Copy out exactly the stretch of the listing below that begins at the line containing "Shawanna Allison's show" and ends at the line containing "Темно-синие демисезонные джинсы", and copy nothing outside it.

# EXERCISE DATA
=== Section Start ===

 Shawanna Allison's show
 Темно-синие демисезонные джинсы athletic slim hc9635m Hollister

=== Section End ===
=== Section Start ===

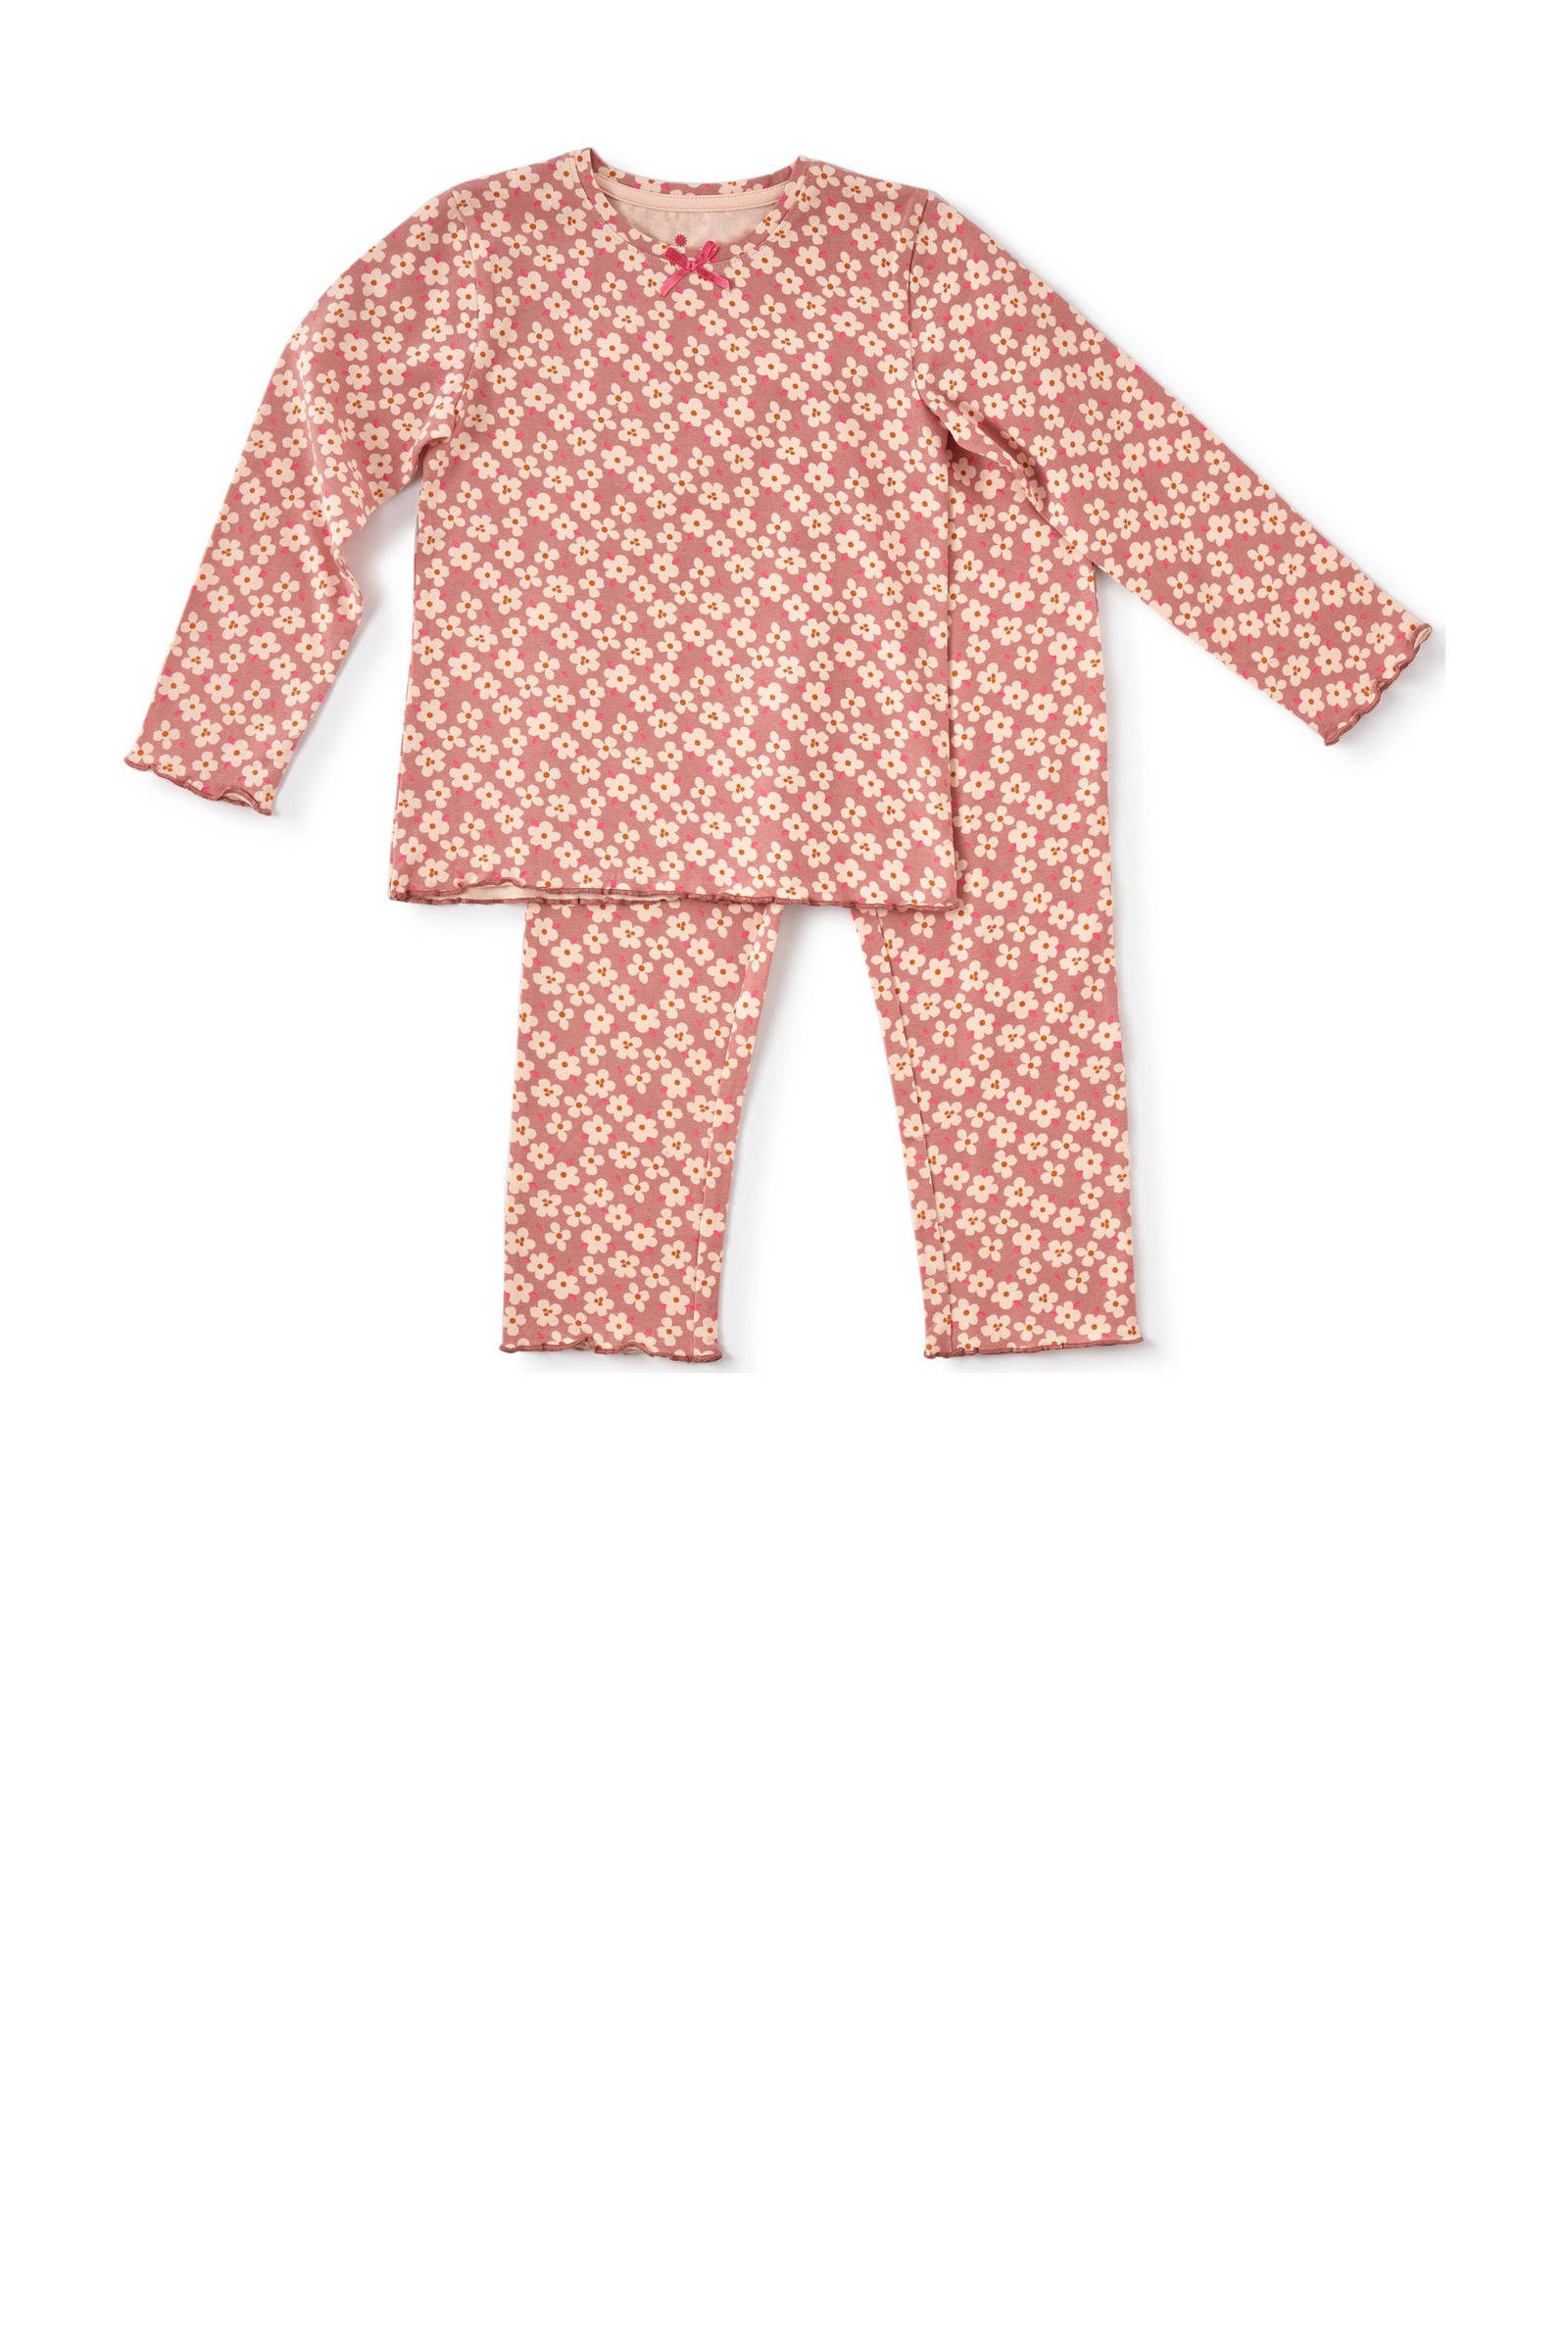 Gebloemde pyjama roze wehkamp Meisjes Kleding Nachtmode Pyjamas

=== Section End ===
=== Section Start ===

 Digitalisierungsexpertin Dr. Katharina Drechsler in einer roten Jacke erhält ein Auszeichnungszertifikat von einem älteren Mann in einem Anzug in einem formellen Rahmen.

=== Section End ===

# EXERCISE RESPONSE
 Shawanna Allison's show
 Темно-синие демисезонные джинсы athletic slim hc9635m Hollister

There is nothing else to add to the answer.